Scheduling SAS Jobs and SAS Studio Flows with Apache Airflow

4 Likes

Apache Airflow is an excellent tool for scheduling and monitoring custom workflows. These workflows, or pipelines, are written entirely in Python and can be monitored in an incredibly user-friendly local website. Airflow has existed as an open-source tool for a few years now. Recently, a new package named SAS Airflow Provider was released, which provides methods to integrate SAS Studio flows and SAS Jobs in Airflow pipelines. By combining SAS's powerful analytic engine with Airflow's simple yet robust scheduling tools, SAS Airflow Provider has opened up many opportunities for SAS users to automate and schedule important tasks.

Introducing: Airflow

Installation

The Airflow developers have provided many different ways to install their program depending on the type of system that suits your needs the best. Airflow can be installed via pip (PyPl), Helm for Docker, a Docker image, and more. To install Airflow, follow the extensive instructions they have available on their website here.

DAGs and Tasks

Airflow structures all its workflows as DAGs (directed acyclic graphs), which are composed of nodes called tasks. Each task performs a small action, such as run a python script, run a bash command, or send an email. Dependencies are formed between the tasks in a DAG, meaning that an Airflow user can ensure that tasks occur in a particular order. By scheduling a DAG, Airflow ensures that the workflow will happen on a set interval.

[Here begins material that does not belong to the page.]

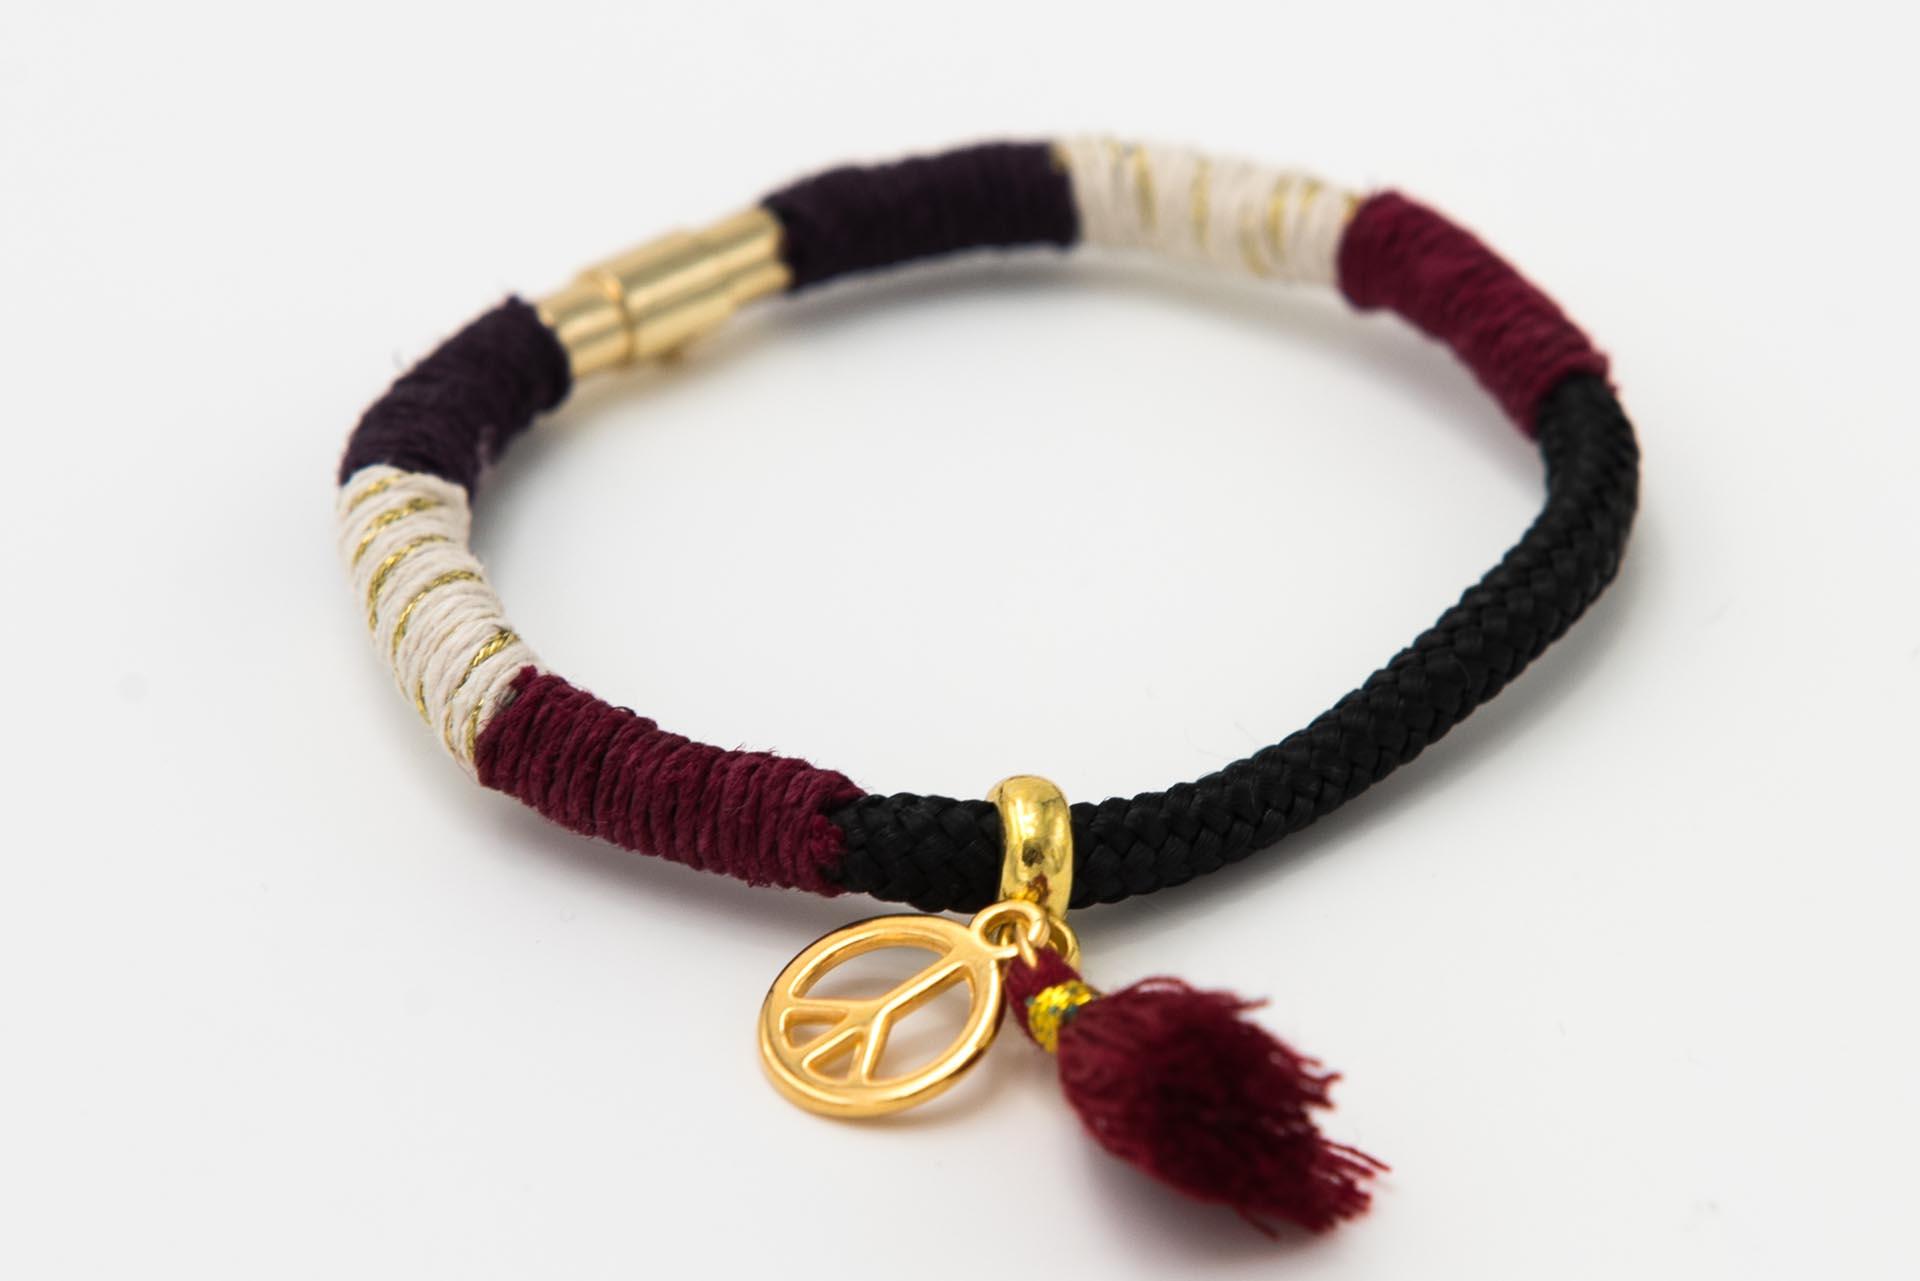 Armband-schwarz-gold-metallic-burgunder-plum

Before exploring how to work with DAGs, it's important to know exactly what they are and how they work. A directed graph means that every connection between one task and another has directionality (a parent task must occur before its child task). An acyclic graph means there cannot be a cycle, meaning that a child node cannot point to an ancestor such that it is possible to return back to itself during execution. When you combine these two concepts, you have a directed acyclic graph, which can be utilized to ensure a consistent ordering of tasks each time it is run. When viewing the Airflow main page, all pipelines are listed on the DAGs page.

Select any image to see a larger version.
Mobile users: To view the images, select the "Full" version at the bottom of the page.

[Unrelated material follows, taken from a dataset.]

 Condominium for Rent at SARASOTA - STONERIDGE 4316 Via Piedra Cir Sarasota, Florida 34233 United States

Clicking on a DAG on the DAGs page will show you details about its previous and current runs, its schedule, and the tasks it is composed of. From the Grid view, the details for the DAG's previous runs are viewable, such as the total number of runs, total successes and failures, and the length of runs. Additionally, the left side of the screen shows a number of very recent runs, with squares representing each of the tasks inside the DAG. The color of each square represents whether the task was successful or failed. In the top right, the schedule for the DAG is shown. In the example below, the schedule is set to @daily, meaning that the DAG will run every night at midnight UTC (8:00pm EST).

Clicking on the Graph view for a DAG, you can see the dependencies for each task expressed as a drawn-out graph. Hovering over a task shows important details about the task, such as its id and Operator type.

From any view for a DAG, clicking the play button in the top right will trigger the DAG to run, regardless of when it is scheduled. When running in the Graph view, the outline for each task will update as it changes states from scheduled to queued to running to either success or failed.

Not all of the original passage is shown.